The cause seems to be how the CU are distributed between threads, and
then symbols that appear in multiple CU can be encountered earlier or
later depending on whether a particular CU moves between threads.
I certainly found this behaviour was reproducible when generating an
index for GDB itself, like:
gdb -q -nx -nh -batch \
-eiex 'maint set worker-threads NUM' \
-ex 'save gdb-index /tmp/'
And then setting different values for NUM will change the generated
index.
Now, the question is: does this matter?
I would like to suggest that yes, this does matter. At Red Hat we
generate a gdb-index as part of the build process, and we would
ideally like to have reproducible builds: for the same source,
compiled with the same tool-chain, we should get the exact same output
binary. And we do .... except for the index.

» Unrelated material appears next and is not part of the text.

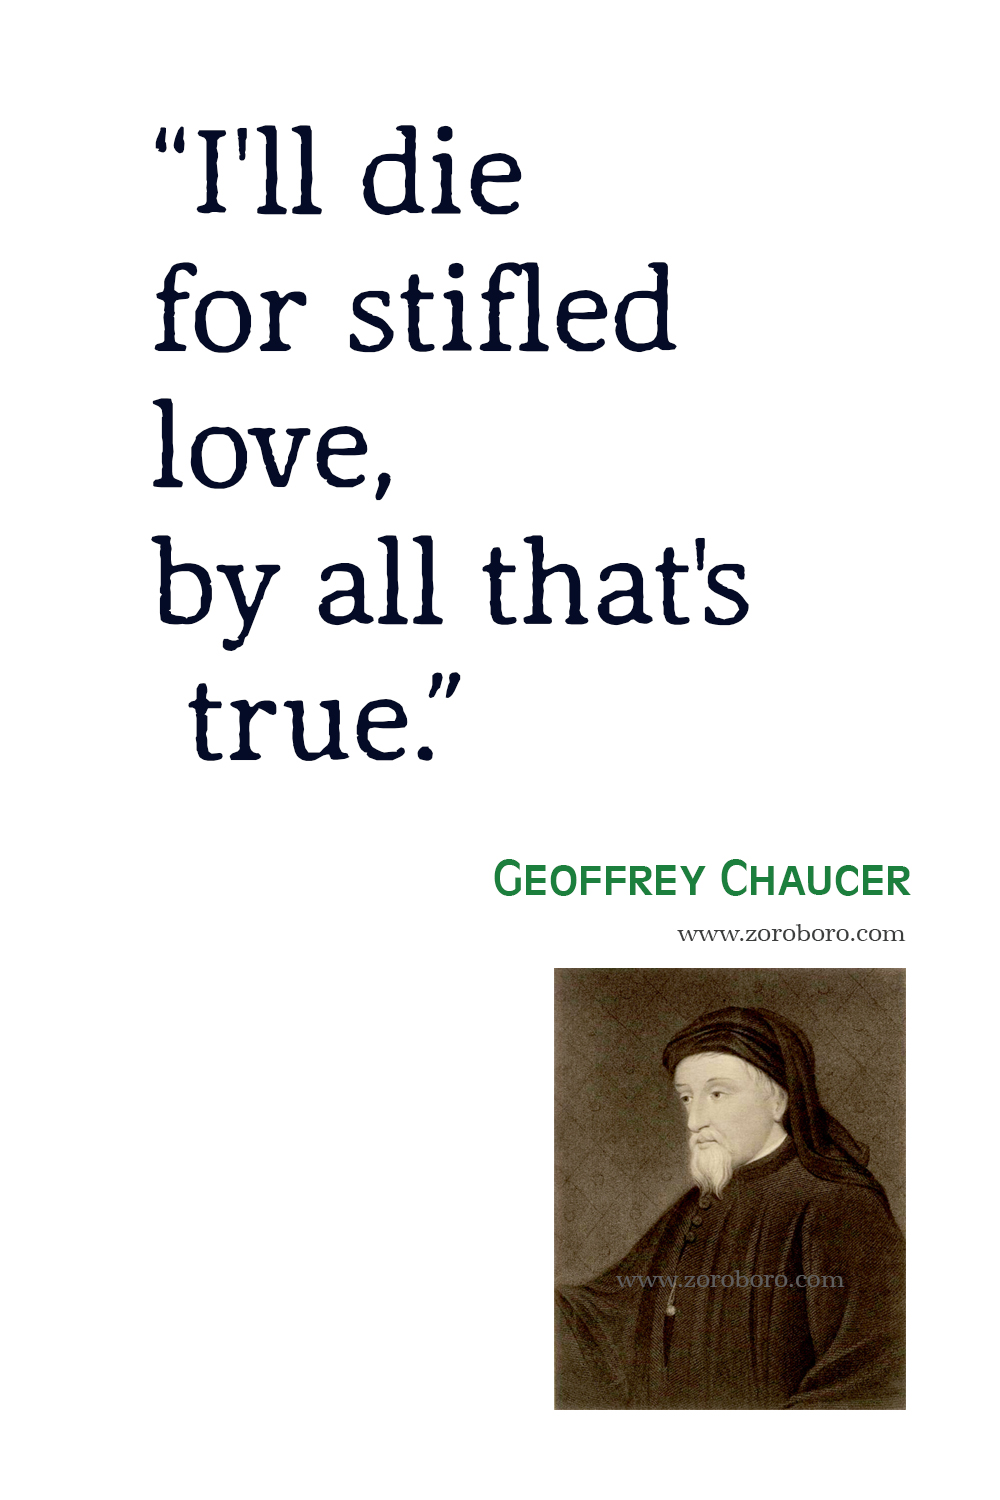 Geoffrey Chaucer Quotes, Geoffrey Chaucer Poems, Geoffrey Chaucer Poet, Geoffrey Chaucer The Canterbury Tales Quotes, Geoffrey Chaucer Books.

Now we could simply force GDB to only use a single worker thread when
we build the index, but, I don't think the idea of reproducible builds
is that strange, so I think we should ensure that our generated
indexes are always reproducible.
To achieve this, I propose that we add an extra step when building the
gdb-index file. After constructing the initial symbol hash table
contents, we will pull all the symbols out of the hash, sort them,
then re-insert them in sorted order. This will ensure that the
structure of the generated hash will remain consistent (given the same
set of symbols).
I've extended the existing index-file test to check that the generated
index doesn't change if we adjust the number of worker threads used.
Given that this test is already rather slow, I've only made one change
to the worker-thread count. Maybe this test should be changed to use
a smaller binary, which is quicker to load, and for which we could
then try many different worker thread counts.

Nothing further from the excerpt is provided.